For a look at the code, you can download it here:
I put it into two folders so that you can see the code that worked and the code that doesn’t. There maybe just a logical error that is causing problems (or many errors combined).
I am hoping that by being able to run many more blocks, I should be able to push past 12 node TSP to 13+.

Any help appreciated.


The watchdog timer kicks in if a kernel takes too long for a full grid, not for an individual thread. So it does not matter how you divide the work between threads and blocks.

An easy way to run more blocks without triggering the watchdog is to divide them between multiple kernel launches (i.e., instead of launching one grid of 65535×3 blocks, launch three grids of 65535 blocks each).

Yeah you could try disabling the watchdog ;) :)

Ooooh i really like this idea.

I found this thread about the timeout issue and they mentioned the ‘no monitor’ plugged in concept, which I have already tried. I have a crappy ati + nvidia gtx260 so i can still see.

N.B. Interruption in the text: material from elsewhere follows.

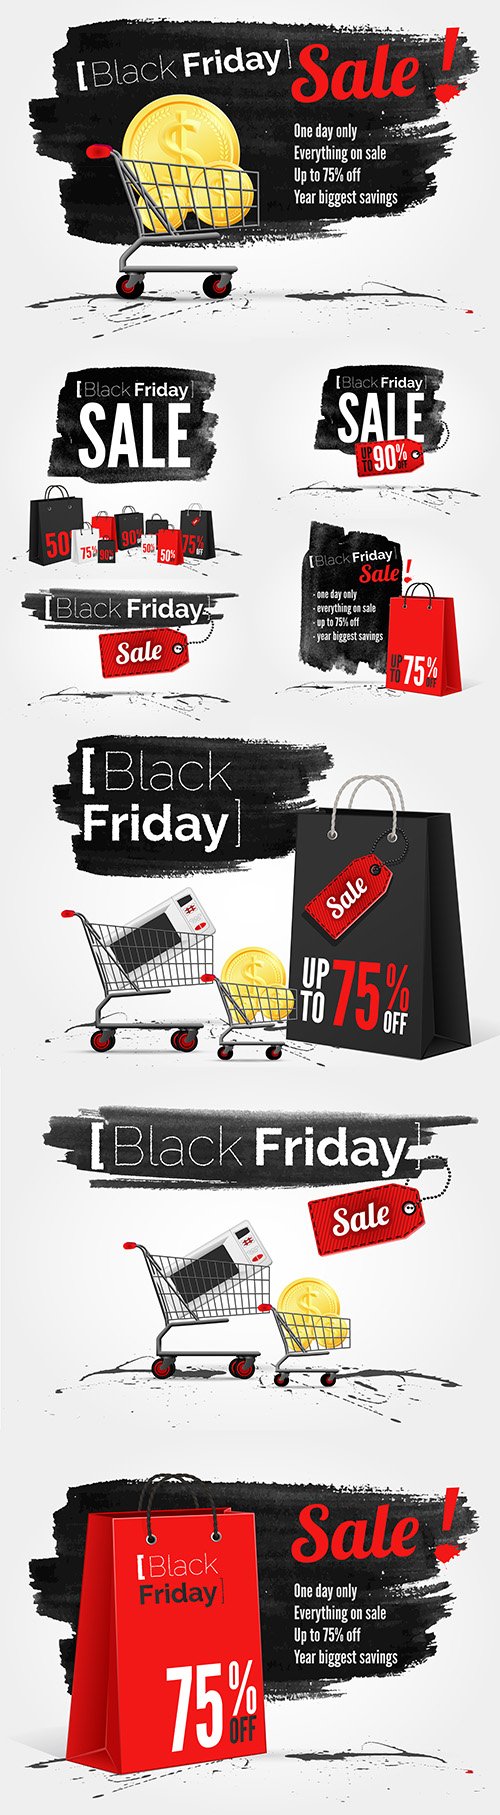 Black Friday watercolor banner with inks of ink and shopping bag

Can someone confirm whether I need to manually disable the windows driver thing or whether having no monitors plugged in should be good enough.

Ideally I would like to be able to run a cuda application or kernel for more than 15 seconds, probably more like a 1+ minutes…

I will try splitting it up over several kernels for now thank you.

Best wishes,


I have since put some more time into this and followed the instructions on this website:

it works! it turns out that it was indeed an issue with the watchdog and unplugging the monitors from that card is not enough and you do have to change the win7 registry no matter what.

What I found odd was that the old program that works with the watchdog on is actually a fraction slower (0.45% according to the compute visual profiler). In that program the threads ran for 15x longer instead of having 15x as many blocks. I had thought that running the threads for a longer time, as I am already maxing out the blocks/threads that can run on the gfx card, would be if anything faster, not slower.

Anyways problem solved. Thanks guys.